Had the anomalies not noticed the leaflets, or had they simply not worked...?
After waiting another ten minutes, Anna returned to the cliff and reported the results to Lu Li. “It might have worked, but there are too few leaflets. We covered less than a twentieth of Belfast.”
There clearly wasn’t enough time to copy hundreds more.
Lu Li thought for a moment, then pulled out a map of Belfast. Finding the right spot, he tapped it with his finger: [The Belfast Today Gazette]
If the newspaper office hadn’t burned down, there should still be printing presses, along with a supply of paper and ink.
That would be enough to get the word out.
Judging by the level of technology in this world, the printing presses were probably platen presses or early offset models.
In any case, he hoped the machines didn’t require electricity or could be operated by hand.

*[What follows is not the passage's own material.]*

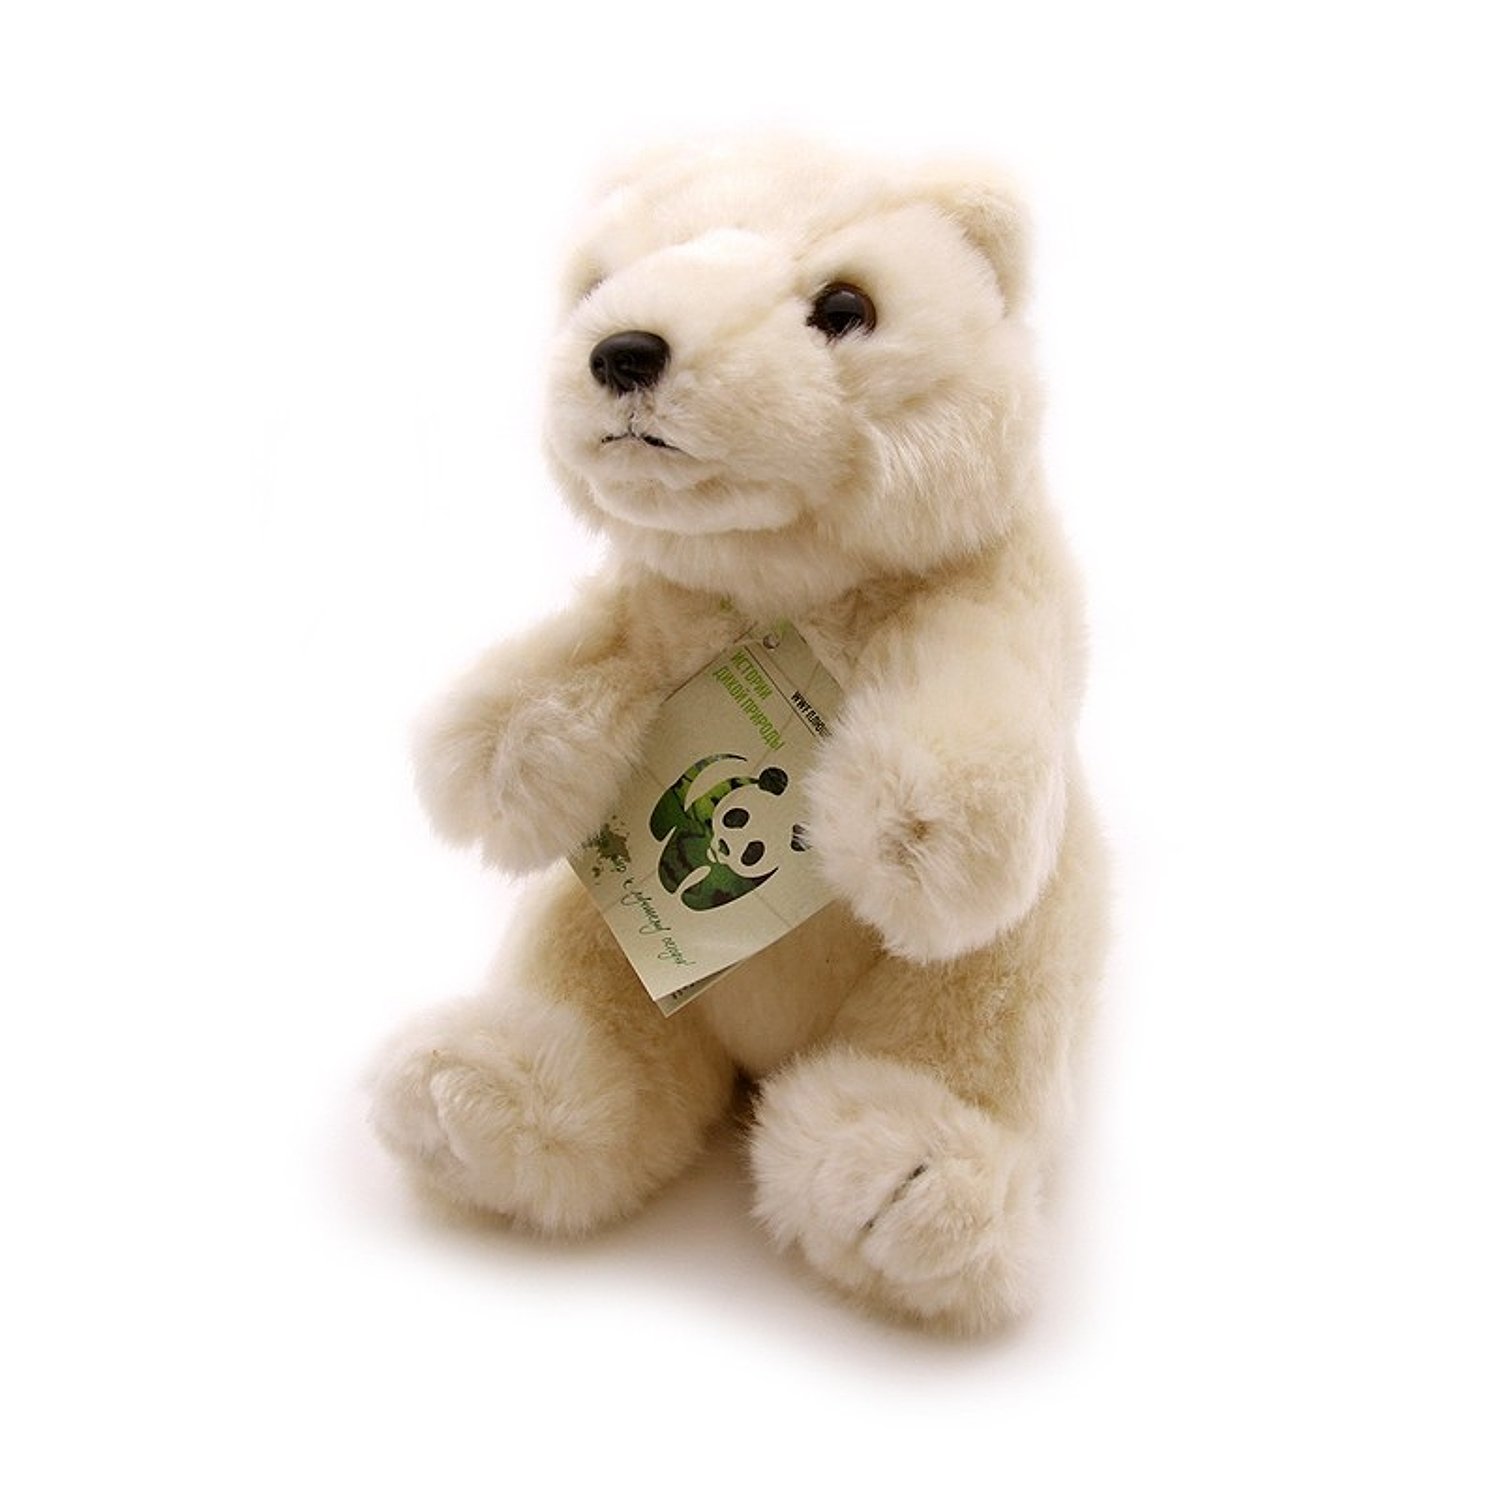 Мягкая игрушка Медведь полярный WWF 18 см погремушка fresk полярный медведь белая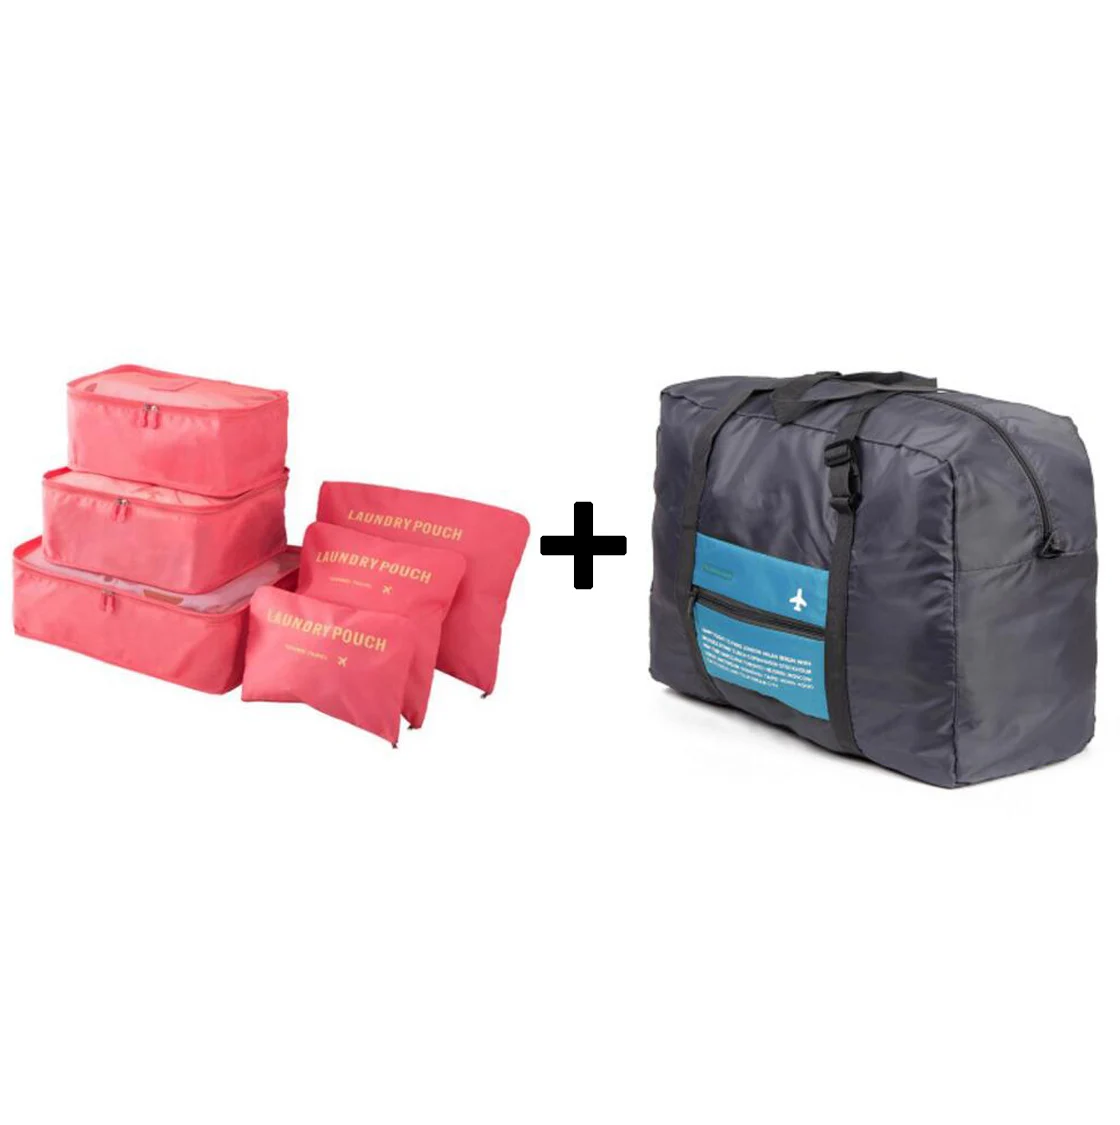 IUX вместительная сумка унисекс сумка для организации и сортировки одежды органайзер для багажа дорожная сумка Большая вместительная сумка женская нейлоновая - Цвет: watermelon red

However, when Lu Li suggested they go to the newspaper office, an argument broke out between him and Anna.
Anna had allowed Lu Li to go to the Ghost Prison because Remi was with him and the path was relatively safe.
Belfast, however, was different—anomalies swarmed everywhere: in the ruins, in the houses, even in the sewers. And Lu Li’s twelve units of humanity made him a delicious morsel to them.
Lu Li’s reply was simple: “Do you know how to use a printing press?”